# Antimatroid, The

thoughts on computer science, electronics, mathematics

## Tree Drawing: The radial tree

Although not as interesting as a sunburst diagram, the radial tree view can hold its color against a number of more primitive information visualizations. A radial tree view places the root at the center of the screen then fans out each child node. Each child node then fans out its children within a restricted span and continues on until each leaf is reached. The strengths of the technique allow for any easy to digest depiction of the structure behind the data in a compact space. A common application is visualizing computer networks. It is worthwhile to examine the algorithm behind the technique because it is an exercise in identifying simplicity.

While in college, I would have approached this problem by trying to identify the location of nodes in terms of $(r, \theta)$ after all, I want a radial tree view- makes sense to sprint out the gate with a polar system right? While possible, this is a bad path to head down, as you end up drowning in a sea of extraneous details. Rather, it is better to think in terms of $(x,y)$ and then map to $(r, \theta)$. To clarify that position, let’s think about how we’d go about drawing the run of the mill tree view as in the figure below:

First some observations:

• Every node at a given depth lies on the same line.
• Every child at a given depth is given an equal share of horizontal space independent of necessity relative to the space owned by its parent.

We can construct a simple recursive definition for drawing the tree if we think about these two facts. Given a node, we want to center the node at the top of a region then carve up a region into the number of child nodes where each sub region is equally wide and the same height as the parent minus a layering distance, then draw a line from the parent node to the child node. Continue doing so until all of the nodes have been drawn.

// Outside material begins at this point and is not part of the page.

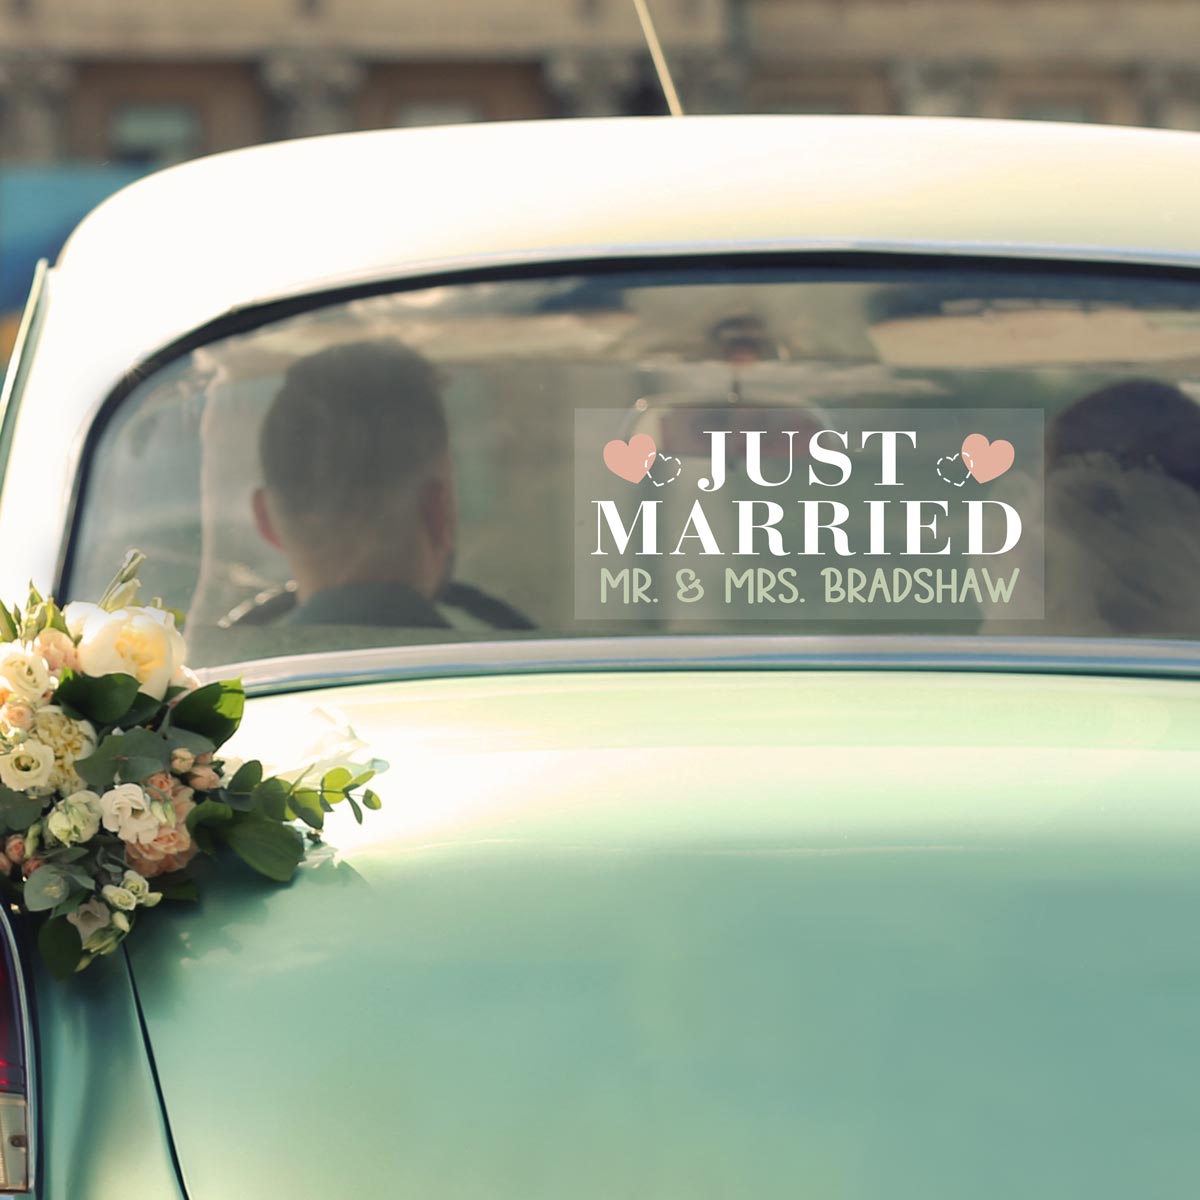 personalized just married window cling in the back window of a classic car

All that remains is mapping this tree to the radial tree view below:

To achieve this last step, we want to map each node at $(x,y)$ to a point $\hat{C} + r \cdot(cos(\theta), sin(\theta))$ Where $\hat{C}$ is the center of the display area. The radius is simply the node’s present $y$ coordinate. $\theta$ can be determined as the ratio between the node’s present $x$ coordinate and the display width times $2 \pi$. And thus, the mapping is complete.